### Records for this exercise
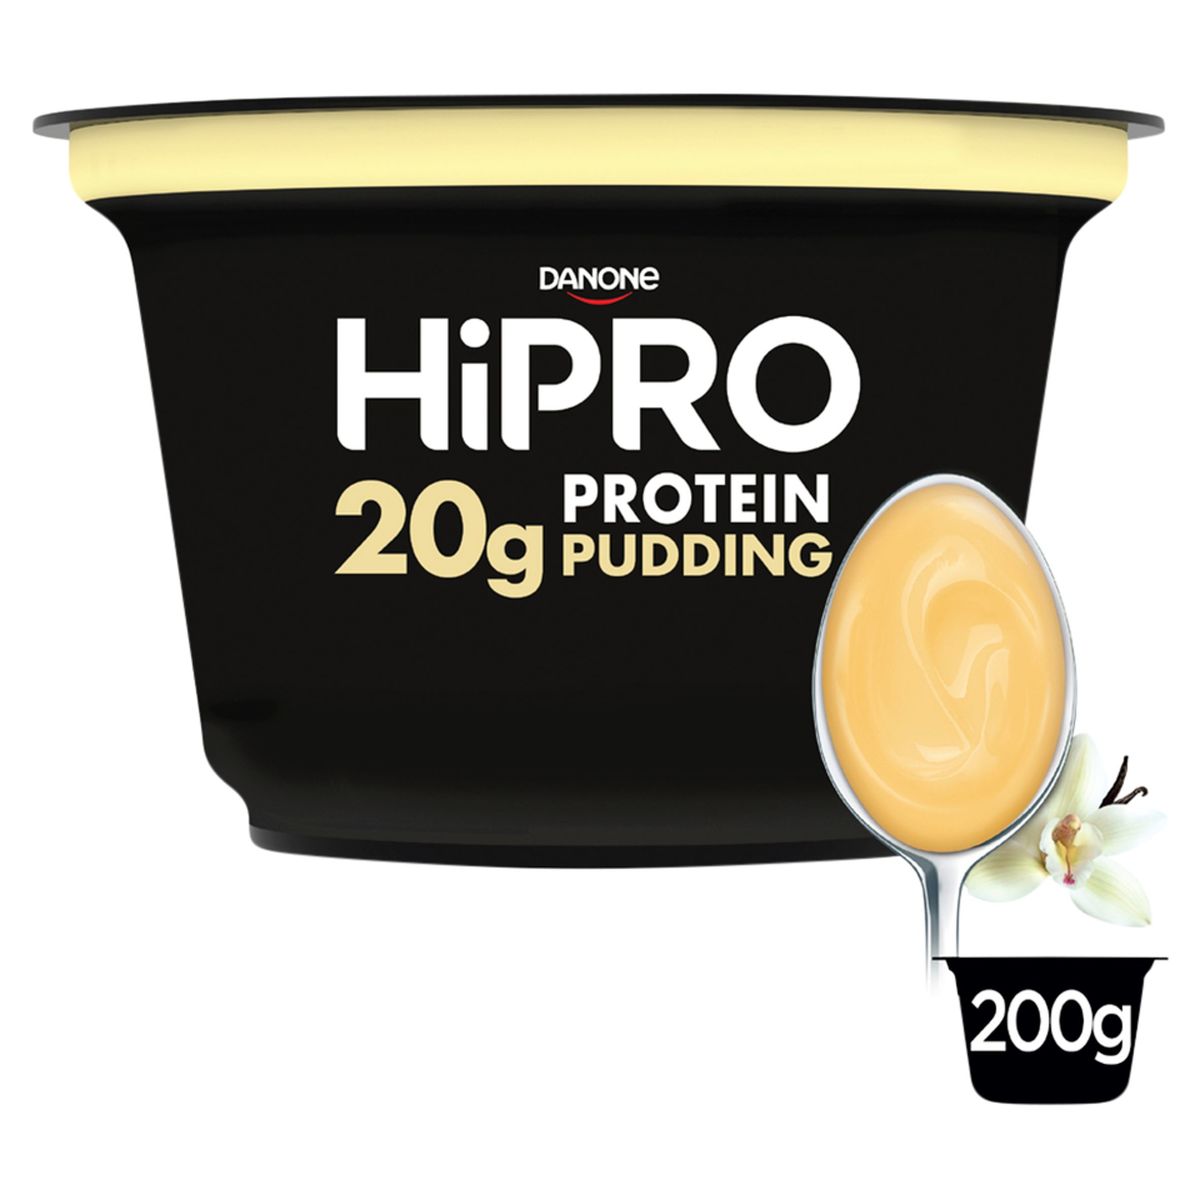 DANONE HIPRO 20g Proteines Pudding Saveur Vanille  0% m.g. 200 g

...

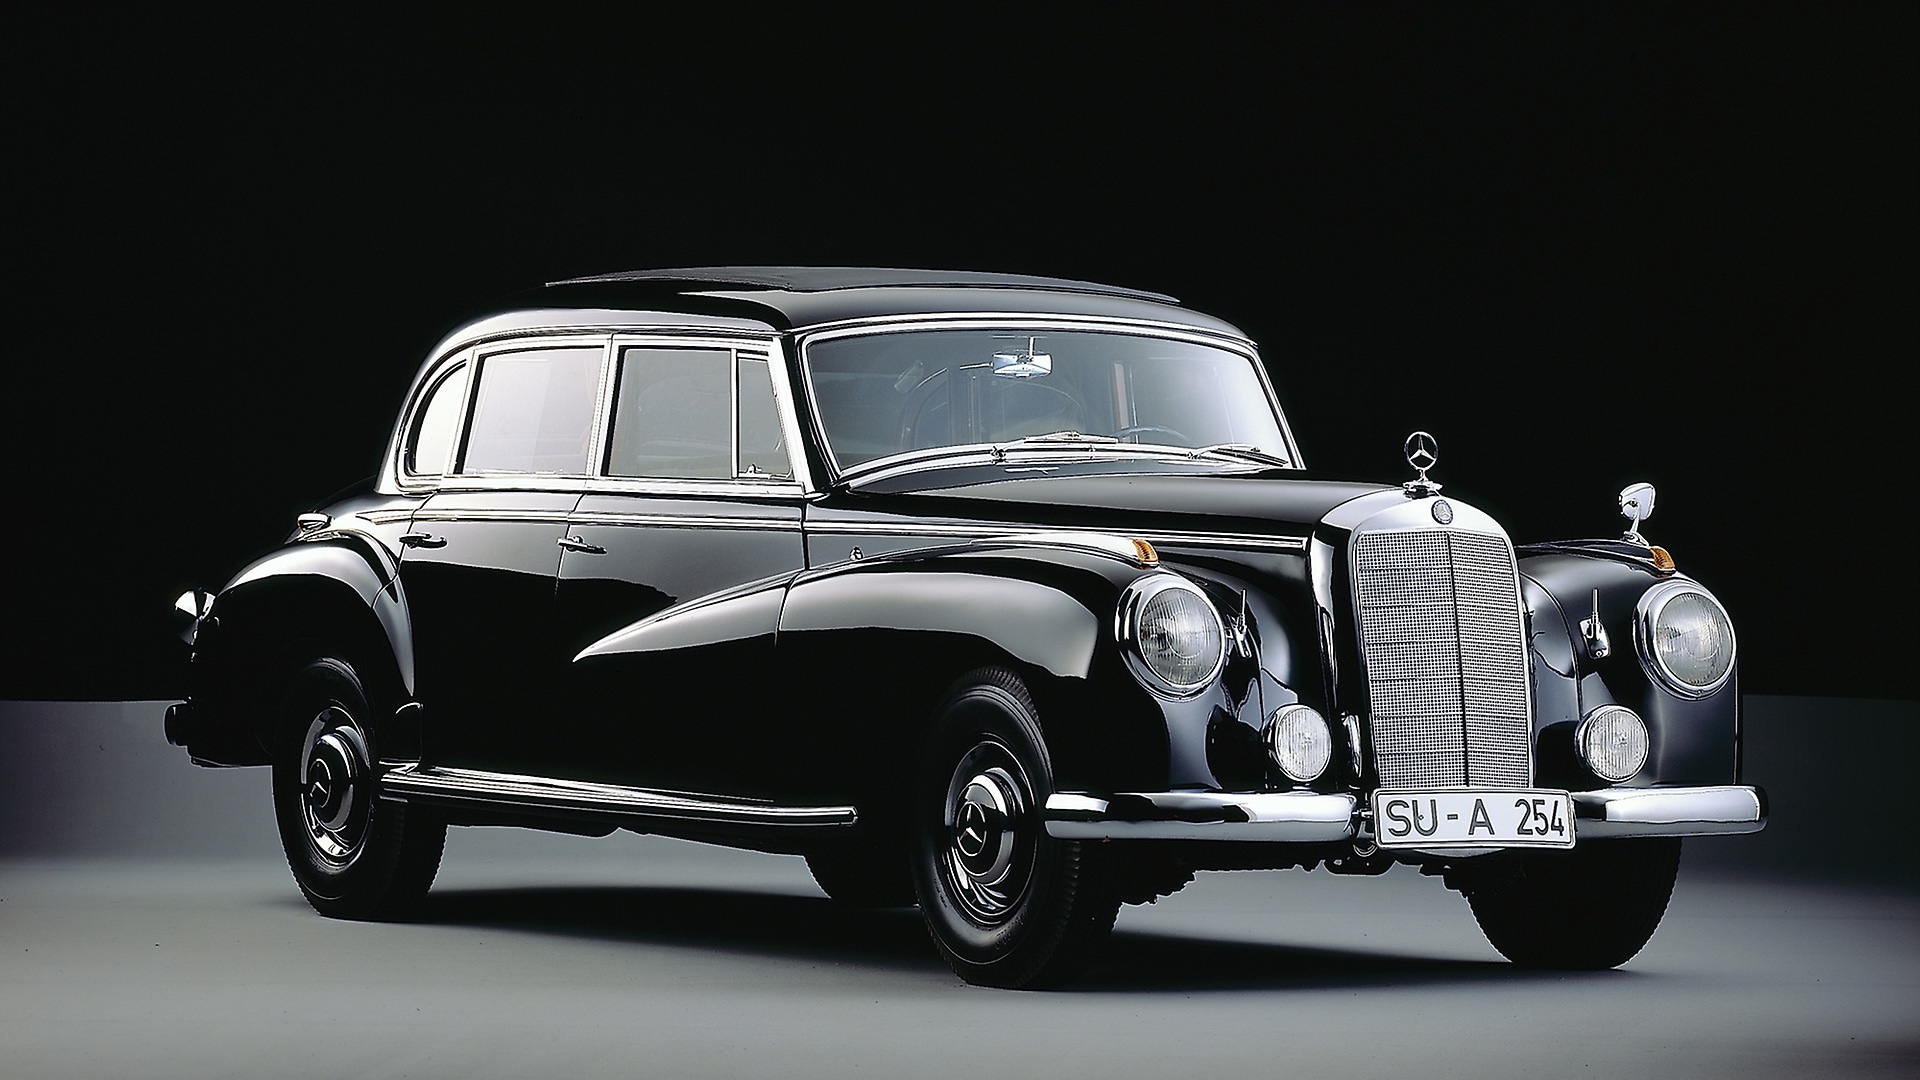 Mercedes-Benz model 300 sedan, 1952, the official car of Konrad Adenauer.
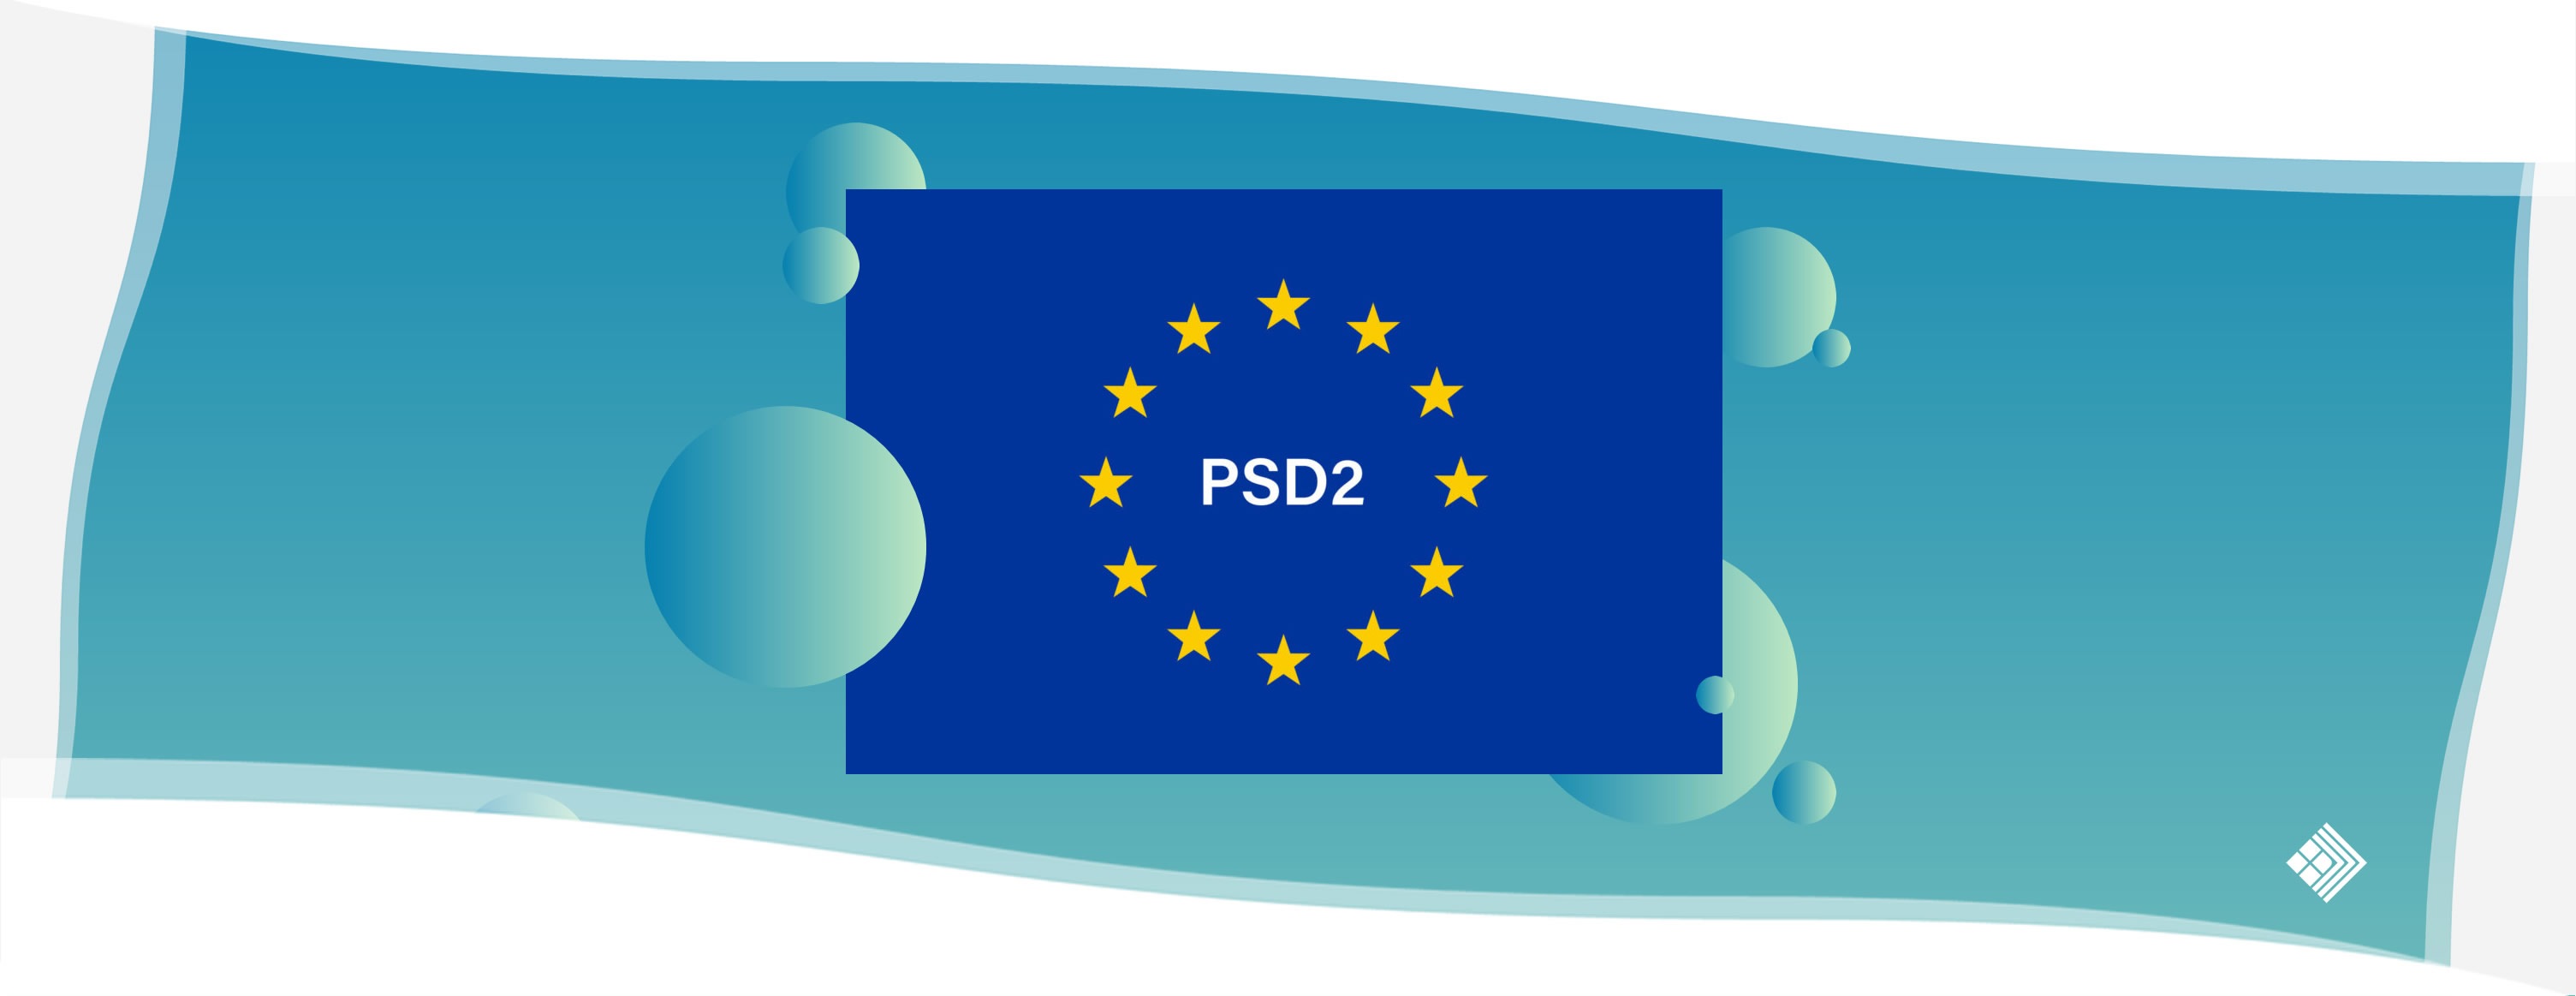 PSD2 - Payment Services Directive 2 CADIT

### Instructions for the task
Both the line above containing "Mercedes-Benz model 300" and the line containing "PSD2 - Payment Services Directive 2 CADIT" belong in the copy, along with every line between them; print these exactly and omit the pictures.

### Answer space
 Mercedes-Benz model 300 sedan, 1952, the official car of Konrad Adenauer.
 PSD2 - Payment Services Directive 2 CADIT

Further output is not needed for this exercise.